Les habitants de N’Djamena se rendent régulièrement à Kousseri, ville camerounaise située à l’extrême nord du pays. Bordée par les rives du Chari et du Logone, Kousseri est une ville voisine de la capitale tchadienne. Cette proximité géographique en fait un marché incontournable pour les N’Djamenois.
Sur le pont Ngueli, les Tchadiens affluent chaque jour, parfois dans la précipitation, à l’entrée de Kousseri. Et ce, pour diverses raisons, notamment pour son marché. D’une part, il est plus accessible pour les habitants des quartiers périphériques de N’Djamena ; d’autre part, il constitue un centre commercial attractif. Chaque jour, des centaines de N’Djamenois traversent ce pont, parmi eux de nombreuses ménagères.
« Je ne peux pas aller à Dembé, qui est le marché le plus proche de N’Djamena. C’est loin et les articles y sont plus chers qu’à Kousseri. Donc, je préfère acheter tout ici, juste de l’autre côté du pont. Parfois, si j’achète en grande quantité, la douane me retient quelque temps. Parfois, je paie, parfois j’insiste sur le fait que c’est pour mon ménage, et ils me laissent passer », explique une femme d’une trentaine d’années.
Si certains s’y rendent quotidiennement, d’autres y vont une fois par mois pour faire leurs provisions et tenir jusqu’au mois suivant. Pour eux, Kousseri est leur unique marché. Habitant à Ngueli, ils considèrent qu’aller à Dembé ou au grand marché de N’Djamena est une perte de temps. « Depuis que nous avons quitté le quartier Farcha, je n’ai plus eu besoin d’acheter des articles de ménage sur un marché de N’Djamena, même pas un seul. Des produits comme le natron, l’ail et autres, on les trouve dans les boutiques. Quant au riz, à la farine et au sucre, ils sont bien plus abordables à Kousseri. Donc, je les achète ici. Je ne peux pas me permettre de dépenser plus en allant à Dembé où les prix sont plus élevés », confie un père de famille.

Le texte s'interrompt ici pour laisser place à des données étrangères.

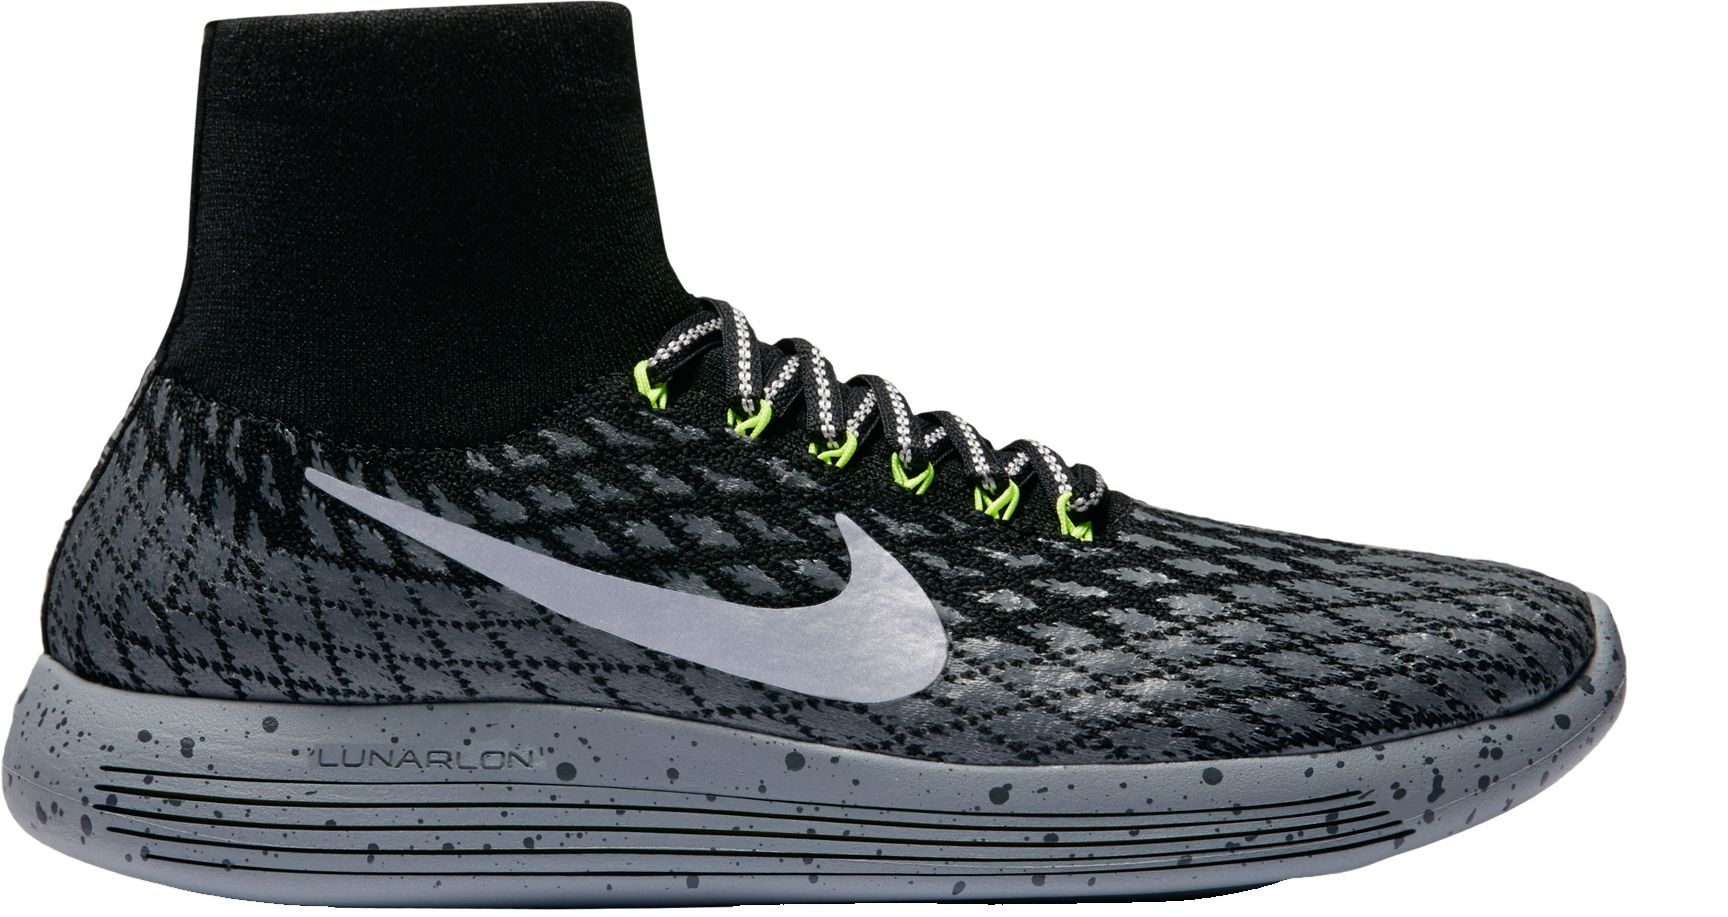 Nike Women's LunarEpic Low Flyknit Shield Running Shoes. 0:00. 0:00 / 0:00.  noImageFound ???

Un commerce transfrontalier rentable
De l’autre côté, un homme, sur sa moto tricycle chargée de marchandises, traverse la frontière. Une fois au Tchad, il décharge sa cargaison et repart aussitôt. « Chaque matin, je fais deux allers-retours, et le soir, deux autres. Cela me permet de subvenir aux besoins de ma famille et d’économiser pour d’autres dépenses. Cela fait plusieurs années que je viens ici pour gagner ma vie. J’ai jugé nécessaire de travailler plutôt que de rester les bras croisés. Certes, je n’ai pas de pieds, mais ce n’est pas une excuse. Je ne peux pas attendre que les autres fassent tout pour moi », témoigne cet homme à mobilité réduite.
La route de Kousseri est le témoin d’un commerce prospère entre les deux villes. Une mère camerounaise nous raconte comment elle subvient aux besoins de sa famille depuis la mort de son mari. « Je suis mère de plusieurs enfants. Je viens avec mes aînés acheter des marchandises, puis je les revends à N’Djamena. Cela me permet de nourrir mes enfants. Leur père n’étant plus là, c’est à moi de les éduquer et de les faire vivre. À quoi bon rester à la maison en attendant que d’autres nous apportent à manger ? », s’interroge-t-elle, un sourire aux lèvres.
Des jeunes enfants, des femmes et des hommes, Camerounais comme Tchadiens, font de cette frontière un véritable centre d’échanges commerciaux. Chaque jour, Kousseri alimente les ménages tchadiens des quartiers comme Ngueli et Walia, ainsi que les marchés de la capitale tchadienne.